**What to work on**: Give the listing again word for word. Skip the pictures.

══ Dataset excerpt ══

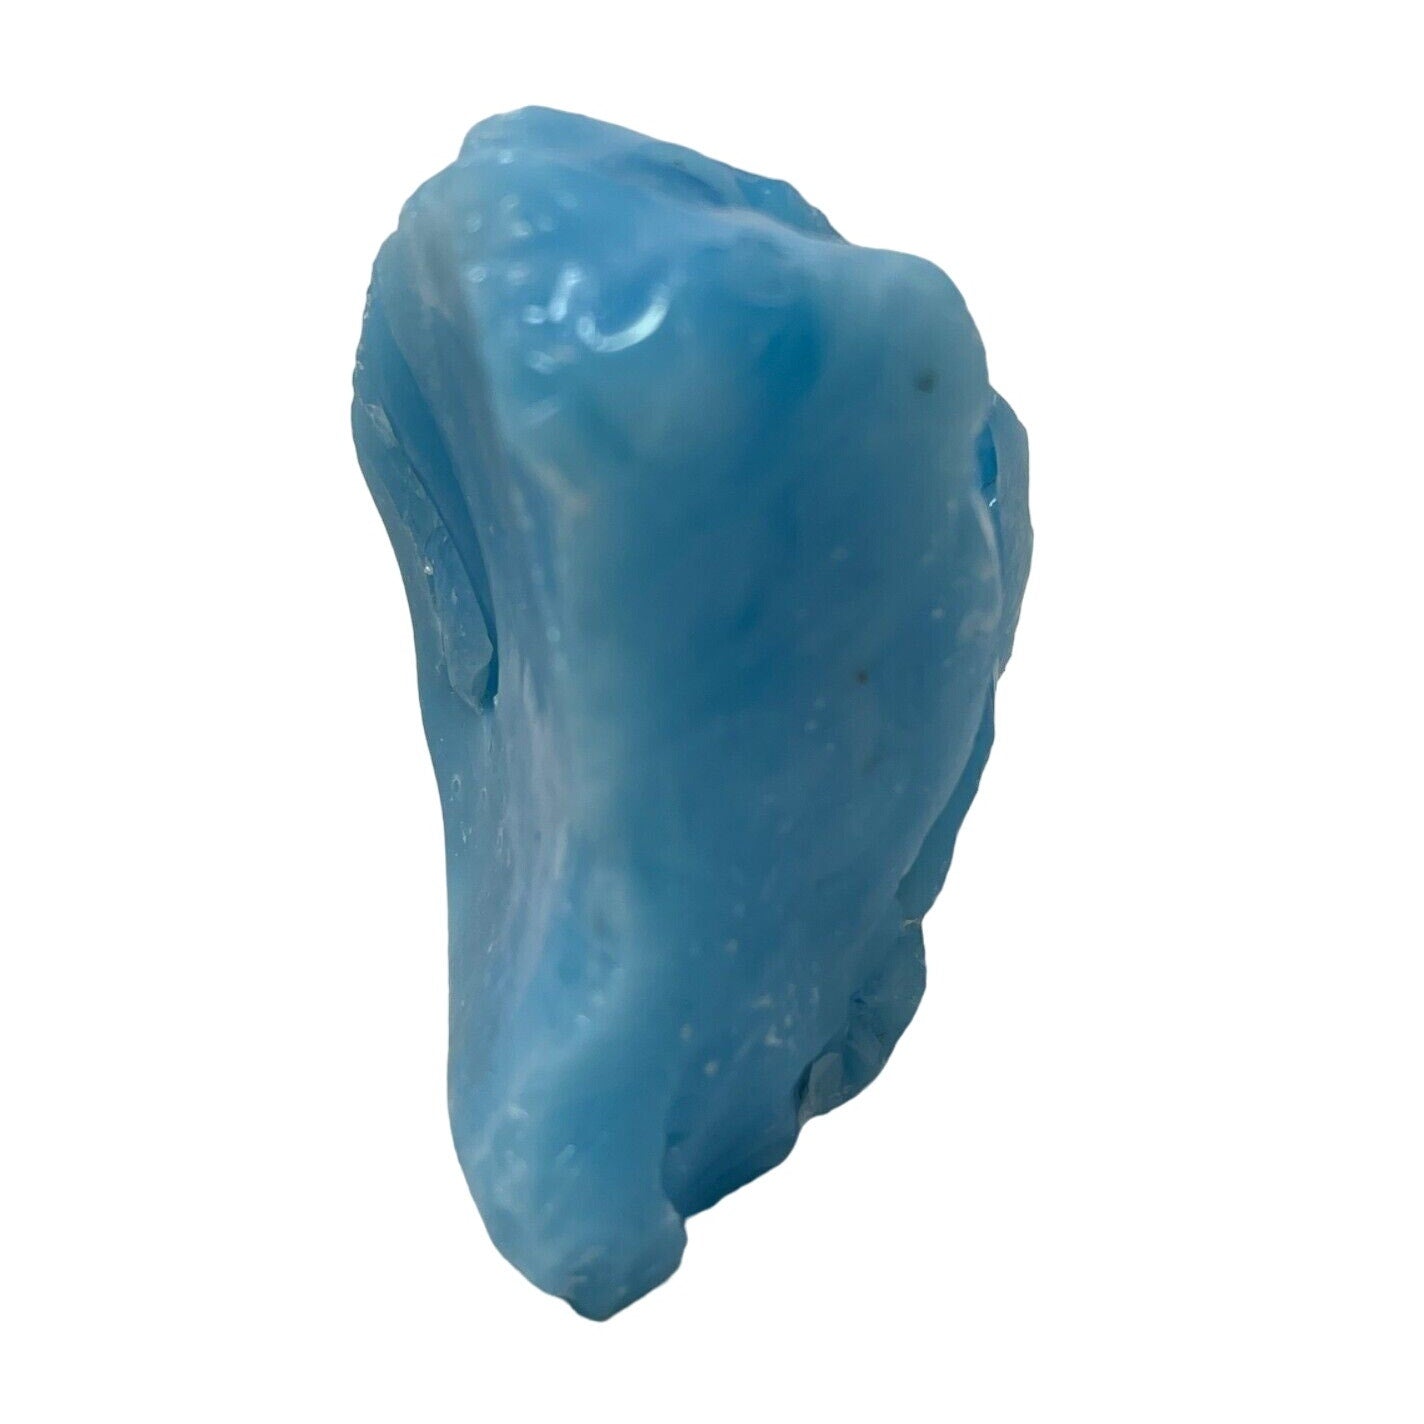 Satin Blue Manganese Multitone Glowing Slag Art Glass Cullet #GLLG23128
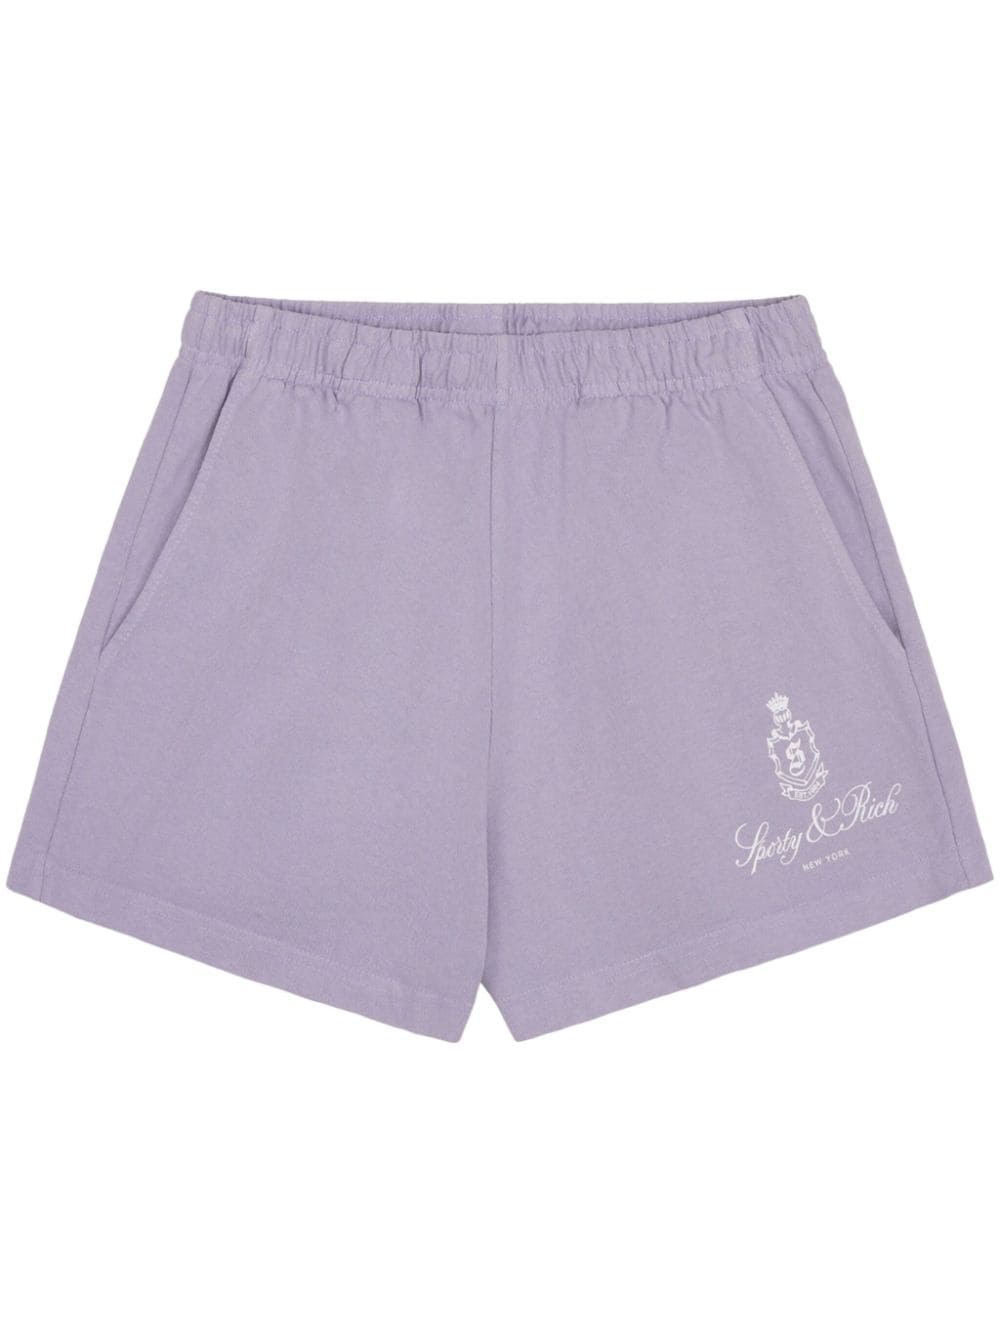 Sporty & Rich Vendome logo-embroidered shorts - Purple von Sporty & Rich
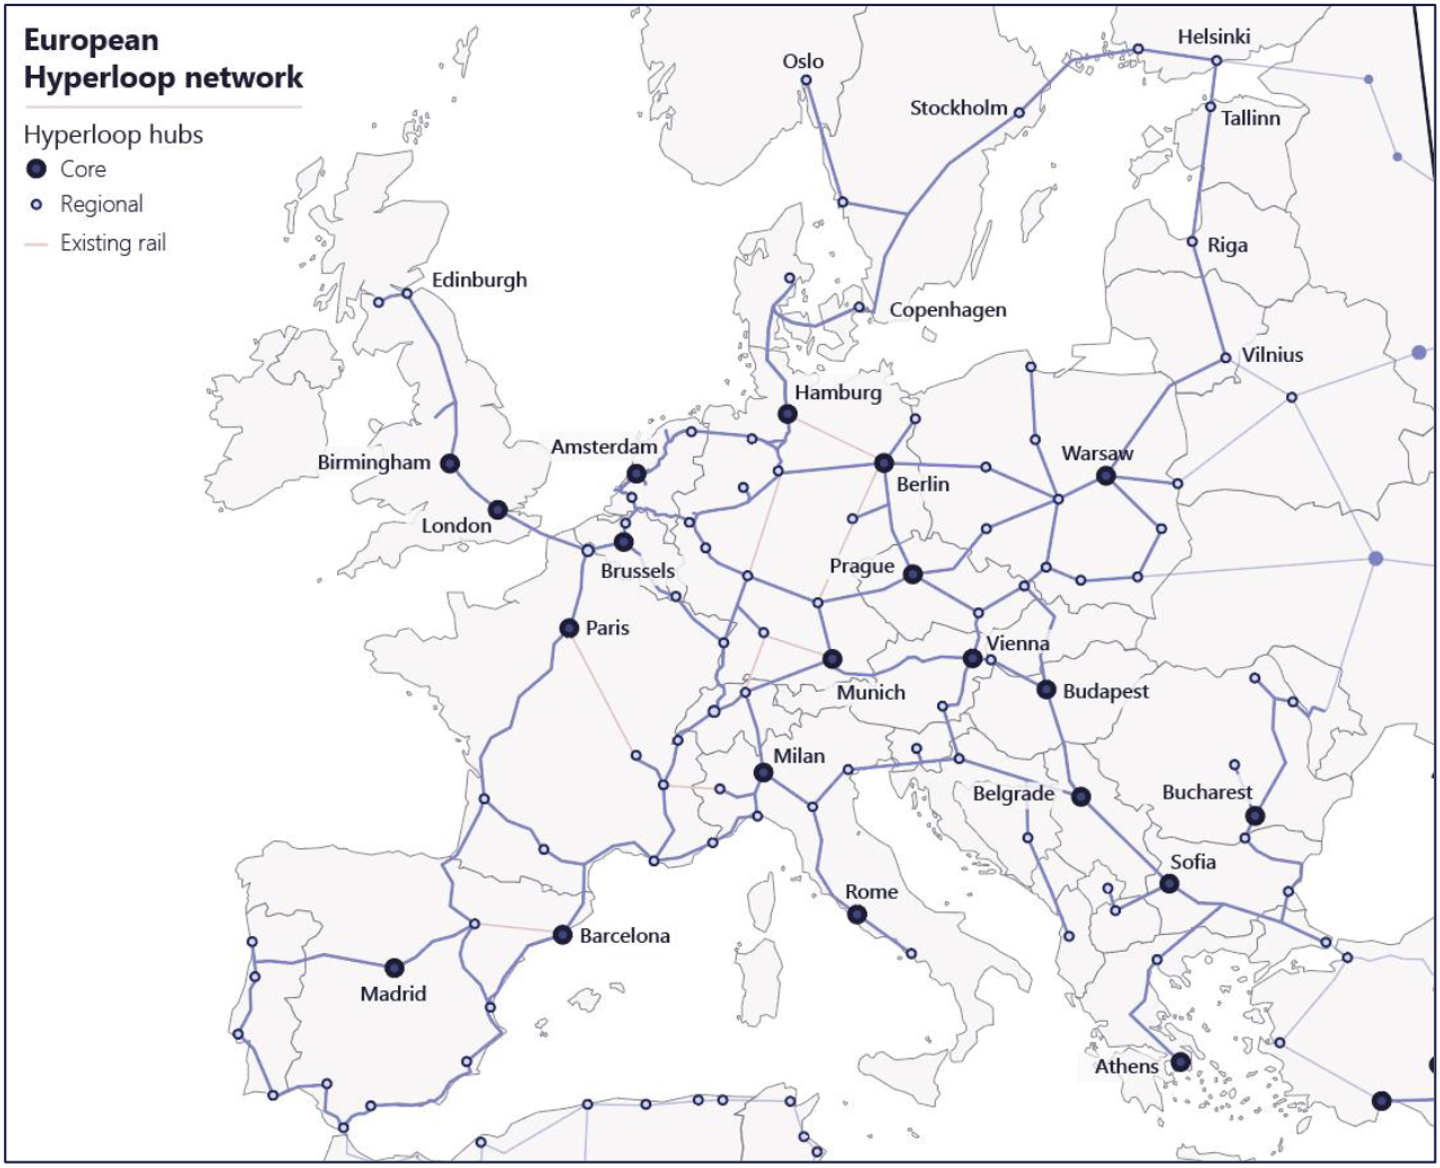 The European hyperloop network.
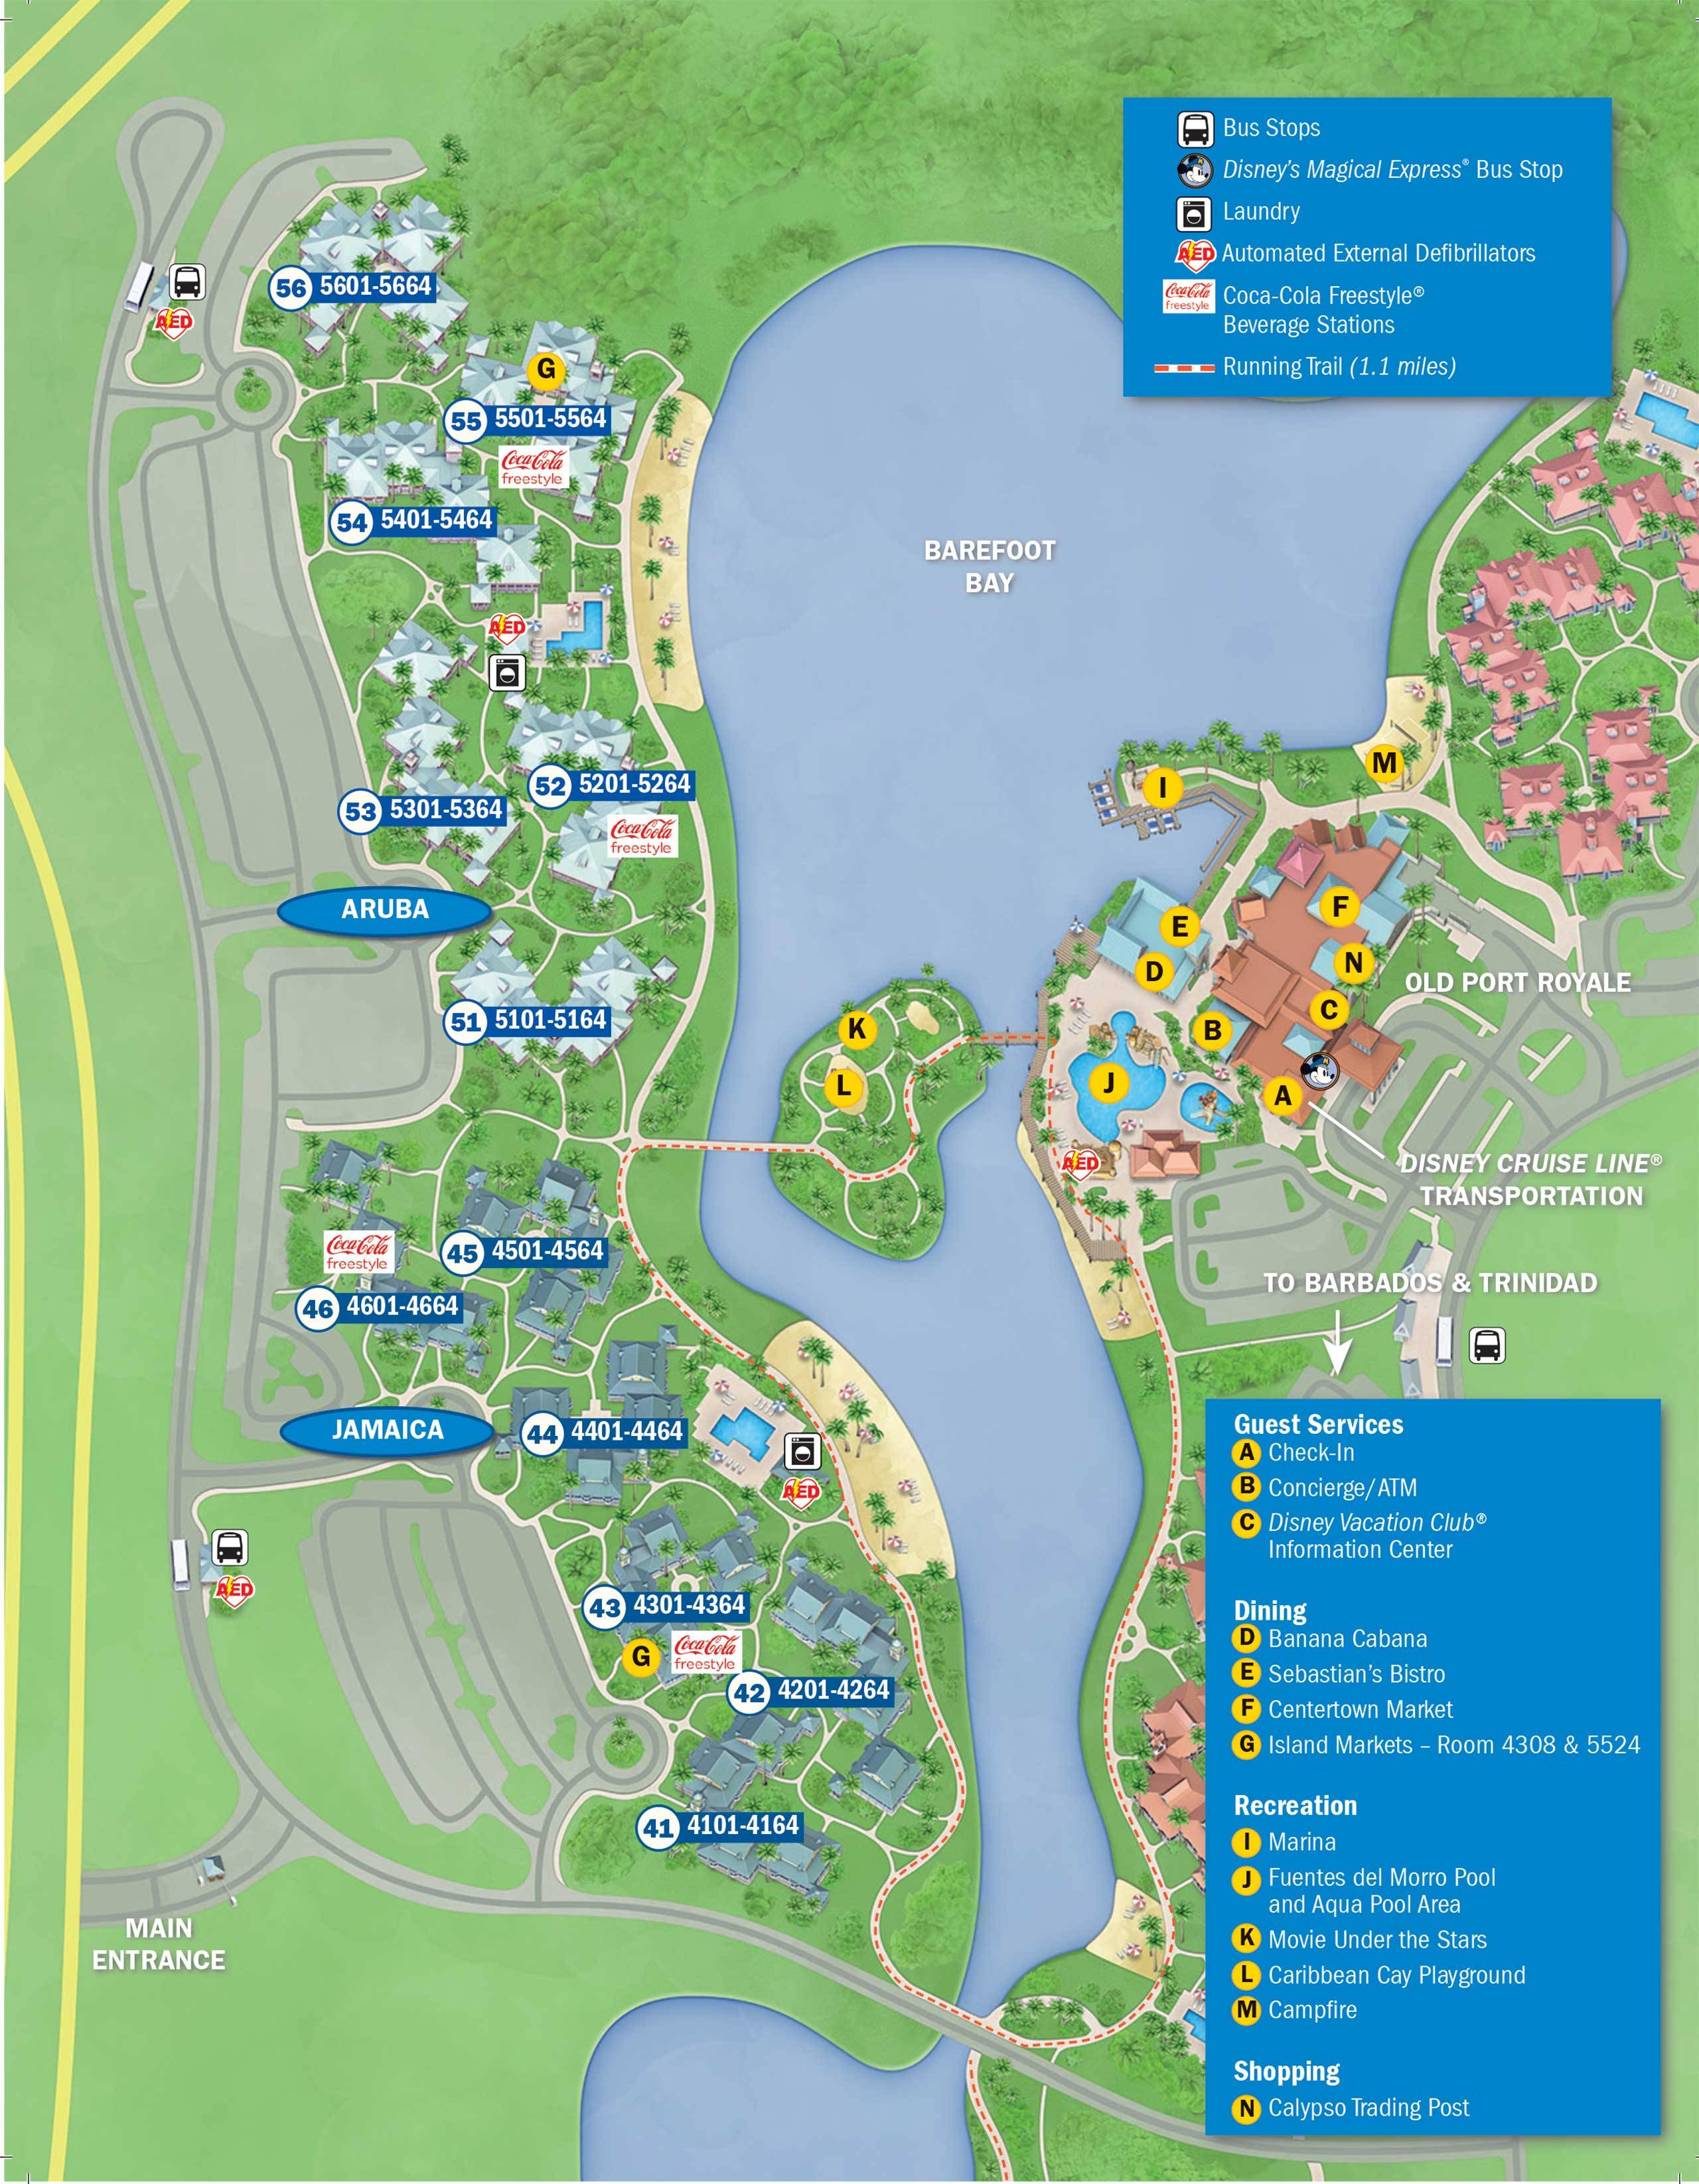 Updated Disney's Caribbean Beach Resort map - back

═══

**Response to this exercise**:
 Satin Blue Manganese Multitone Glowing Slag Art Glass Cullet #GLLG23128
 Sporty & Rich Vendome logo-embroidered shorts - Purple von Sporty & Rich
 The European hyperloop network.
 Updated Disney's Caribbean Beach Resort map - back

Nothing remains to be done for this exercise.